Spesso però, sulla spinta iniziale dell’equità fa premio nelle decisioni giudiziarie l’ansia di fissare nuove regole generali, e di tracciare un ordine geometrico; così accade nell’ordinanza trentina, dal cui fraseggio, almeno per come io lo percepisco, traspare la catena logica: se si possono avere bambini con la surrogazione, sia eliminato il divieto, che ostacola il pieno dispiegamento del diritto alla genitorialità.

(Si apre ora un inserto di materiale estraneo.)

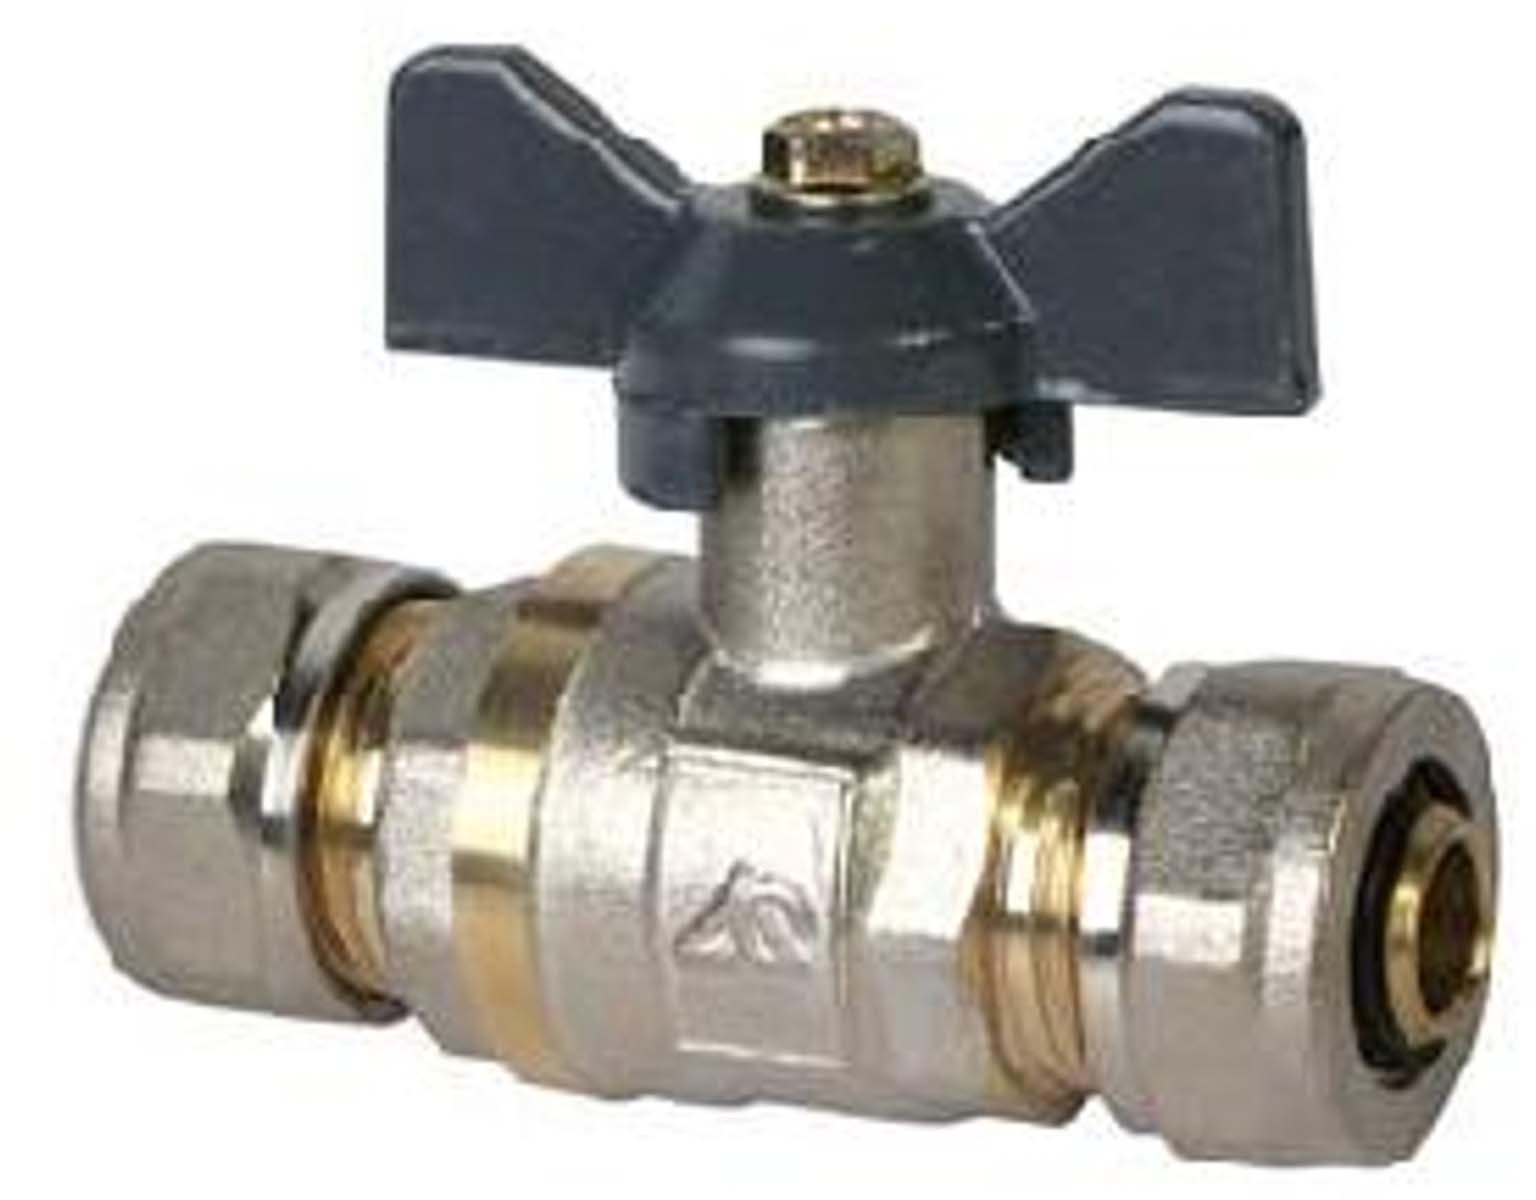 Кран шаровый RVC, под металлическую/пластиковую трубу, 20 х 3/4 ц/ш бант, MP-У кран шаровый для металлопластиковых труб 16 обж ц х 16 обж ц бабочка

Questa conseguenza, però, non discende affatto dalla premessa. Lo dimostra la Corte di Strasburgo, che non teme di attingere pienamente all’equità e si limita a ragionare così: il fatto che in un paese sia vietata la surrogazione non impedisce il riconoscimento dello status di figlio dei committenti, e dei loro partner, ai bambini che, nati all’estero con la surrogazione, abbiano documenti di stato civile conformi alla legge del luogo in cui sono nati e si trovino in relazioni di tipo familiare che soddisfano il loro miglior bene.

I diritti dei bambini non sono ostacolati dal divieto di surrogazione e da essi non nasce il diritto di alcuno di acquistare una madre surrogata, perché sono cose diverse, ciascuna col suo valore e il suo disvalore.

Sentenze che facessero propria questa impostazione prudente io le accoglierei volentieri, come altrettanti inviti a esplorare le risorse di una logica della compossibilità, senza la quale – è bene rifletterci – di aprirci alle differenze parliamo del tutto invano.